» INPUT DATA
<<<<
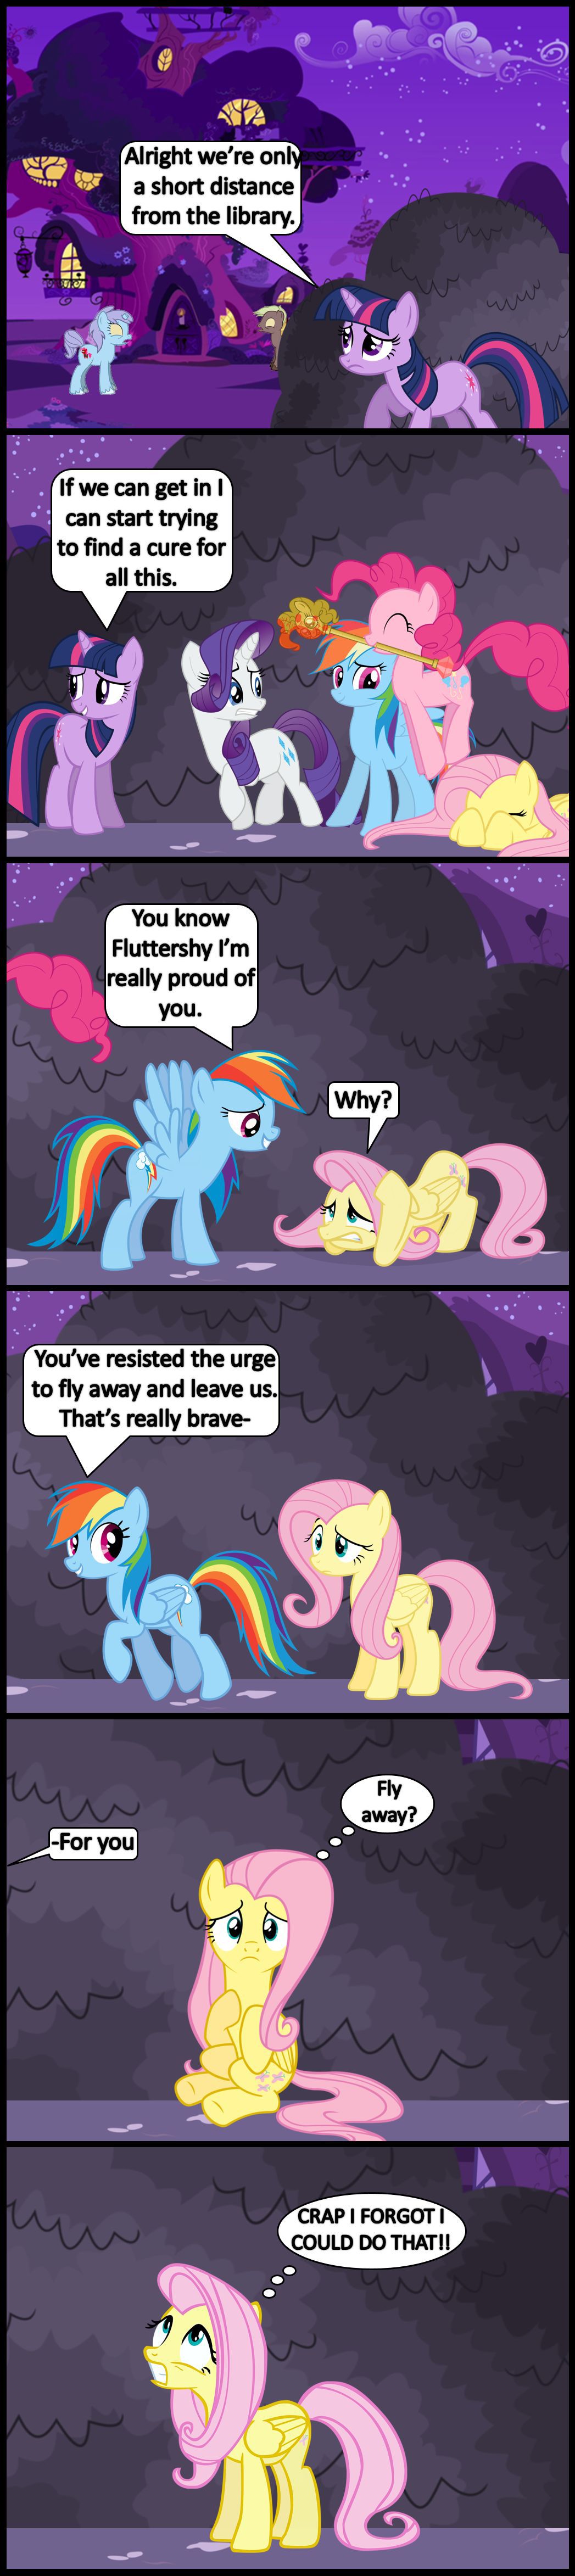 [Bronybyexception] Beating a Dead Pony (My Little Pony: Friendship is Magic) [English] [Ongoing] 20
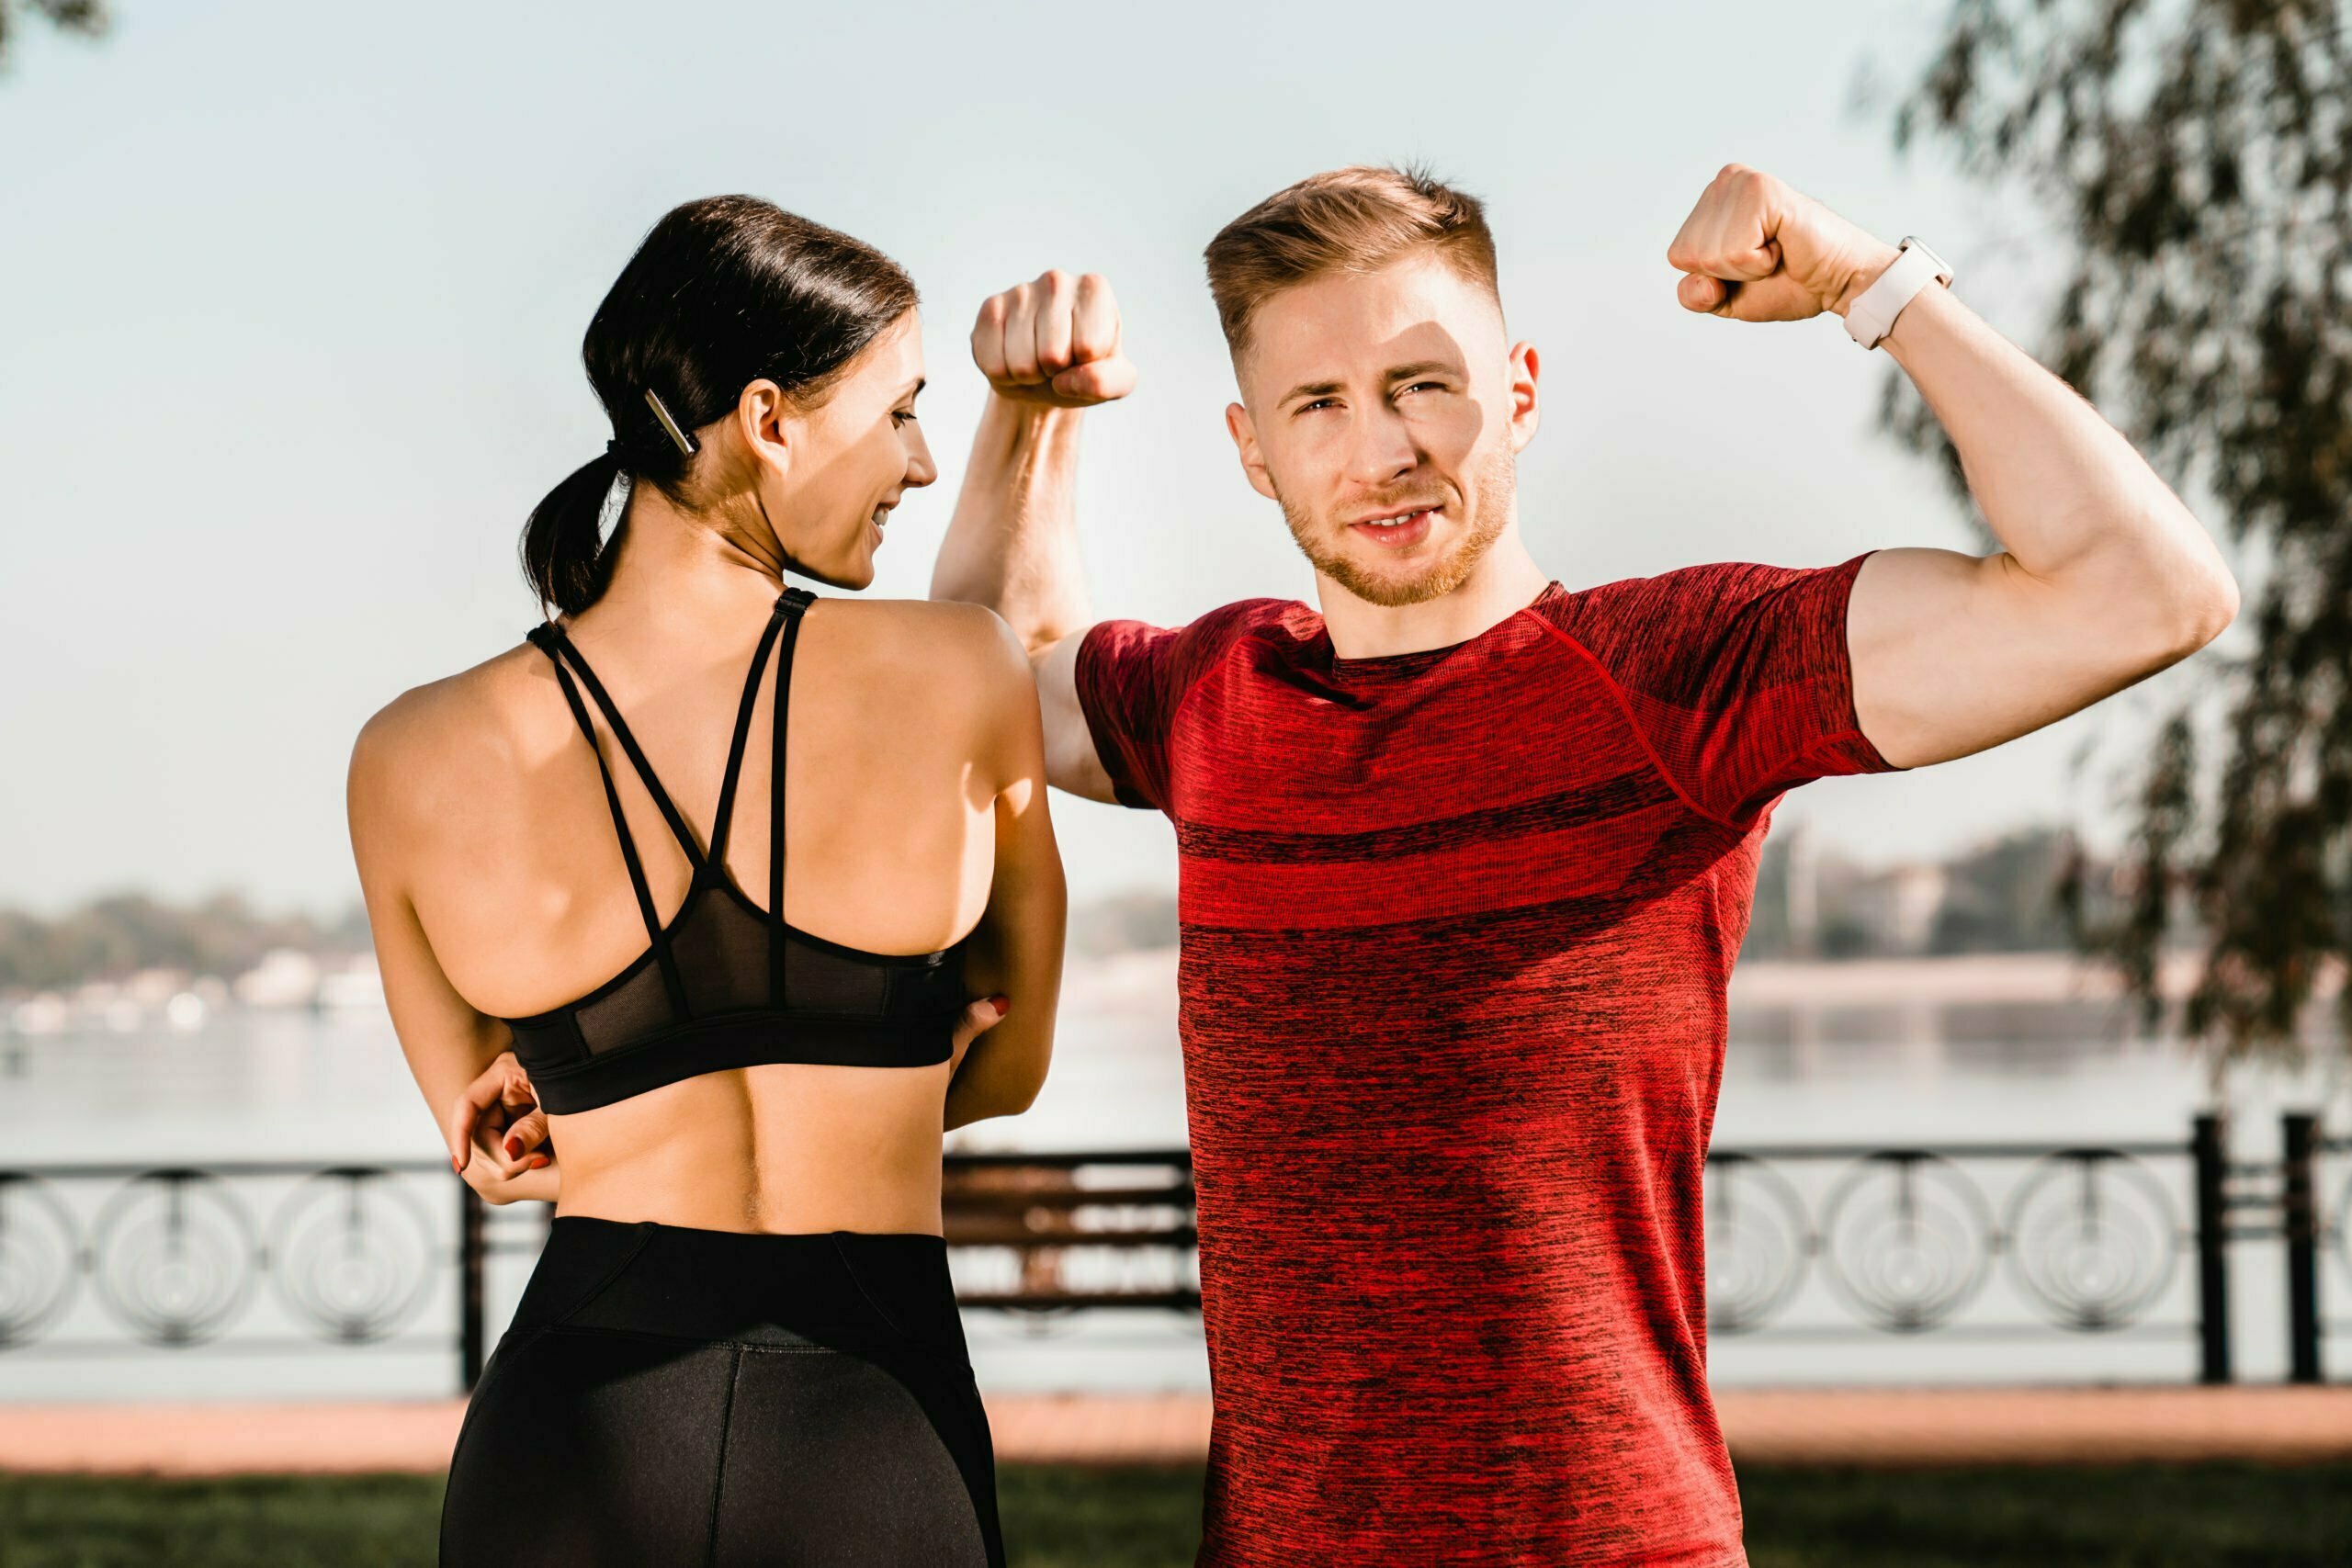 Strong fit young couple wearing fitness outfit in city park
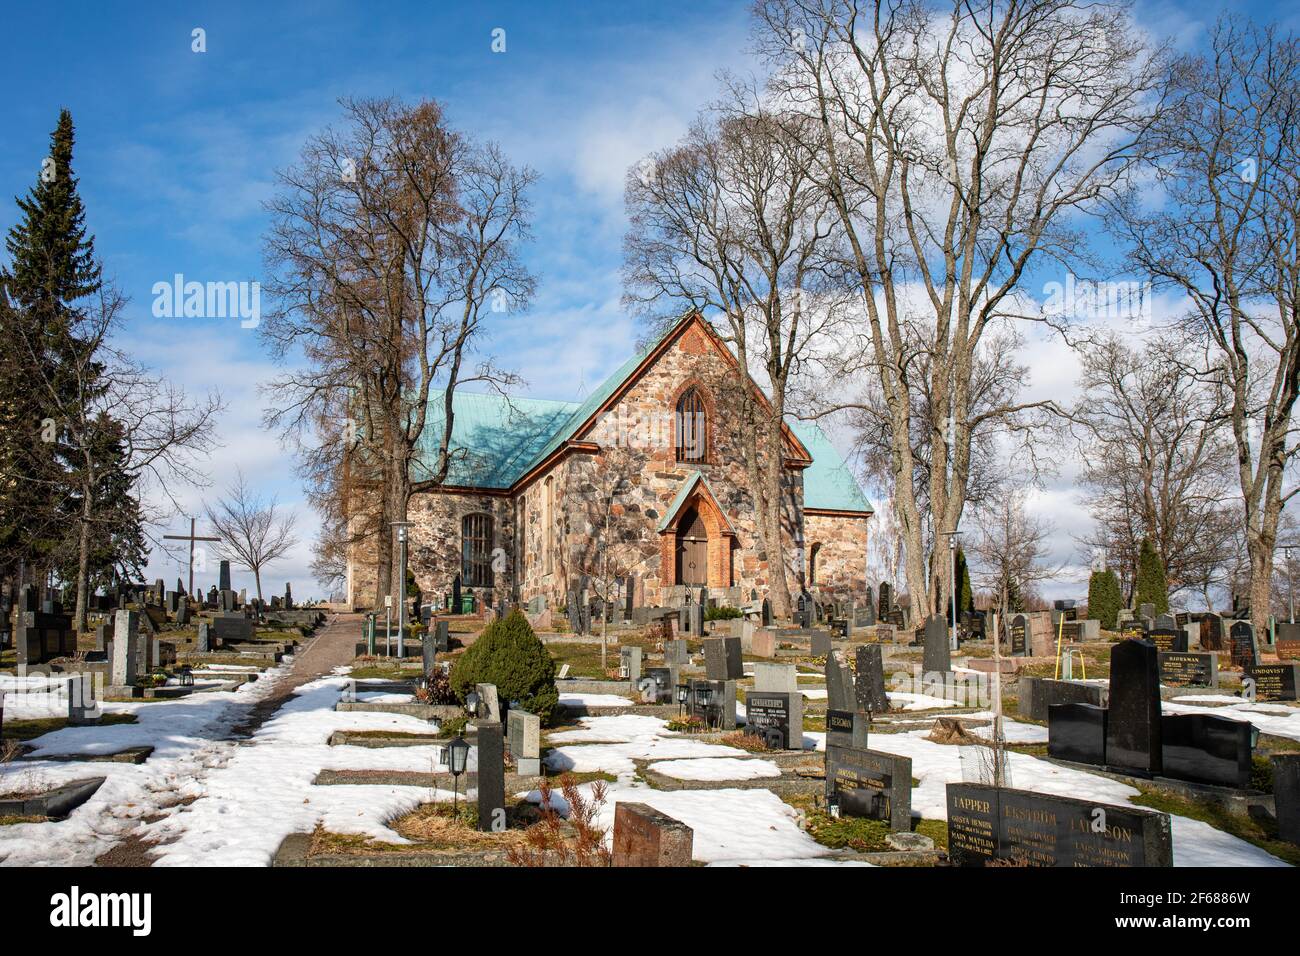 Medieval St. Michael's gray stone church and churchyard with gravestones in Kirkkonummi, Finland Stock Photo
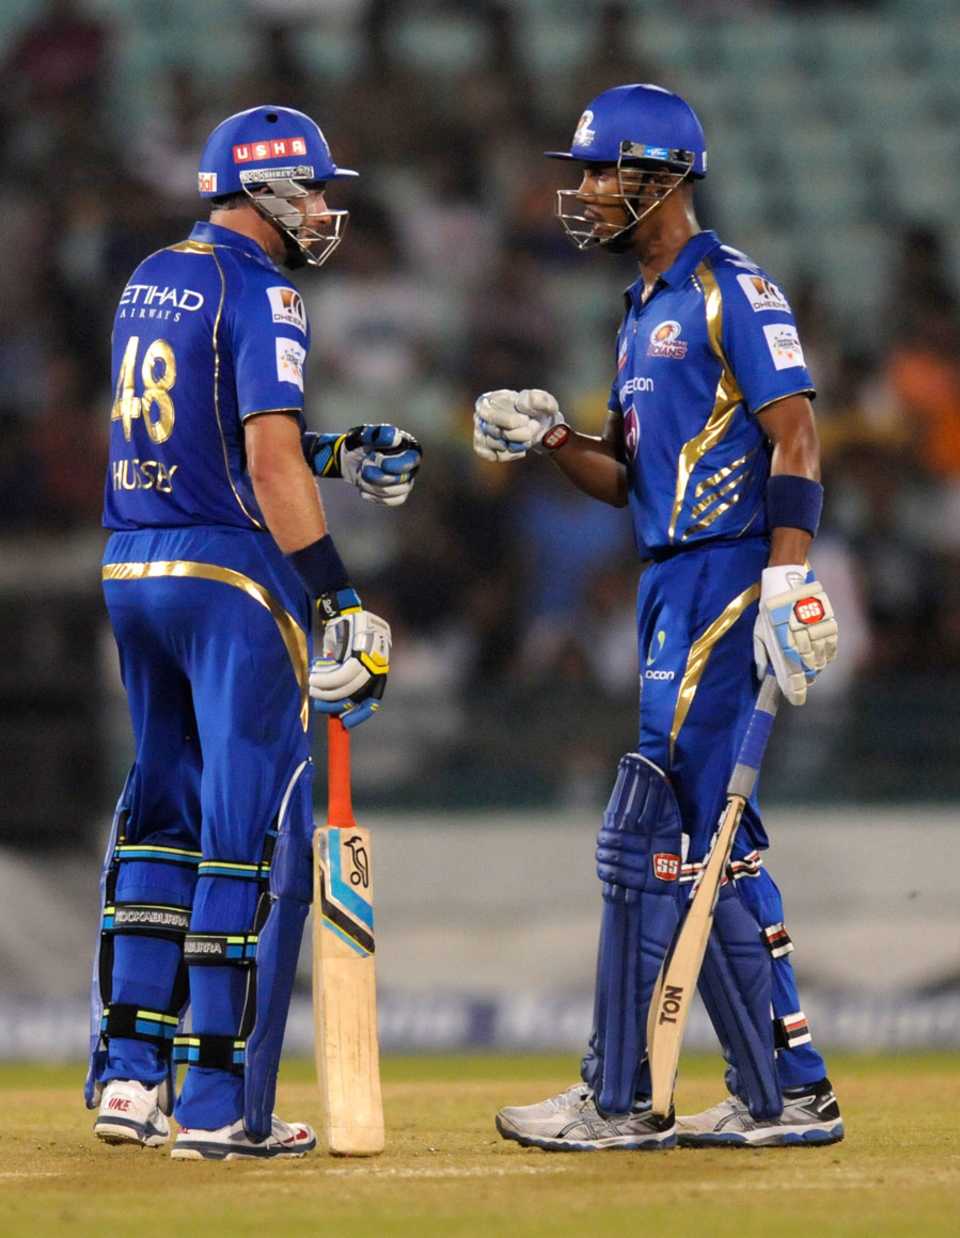 Michael Hussey and Lendl Simmons added 139 runs for the first wicket, Mumbai Indians v Southern Express, CLT20, Raipur, September 14, 2014
>>>>
» TASK
Make an exact copy of the whole listing, but don't bring over any pictures.

» EXPECTED OUTPUT
 [Bronybyexception] Beating a Dead Pony (My Little Pony: Friendship is Magic) [English] [Ongoing] 20
 Strong fit young couple wearing fitness outfit in city park
 Medieval St. Michael's gray stone church and churchyard with gravestones in Kirkkonummi, Finland Stock Photo
 Michael Hussey and Lendl Simmons added 139 runs for the first wicket, Mumbai Indians v Southern Express, CLT20, Raipur, September 14, 2014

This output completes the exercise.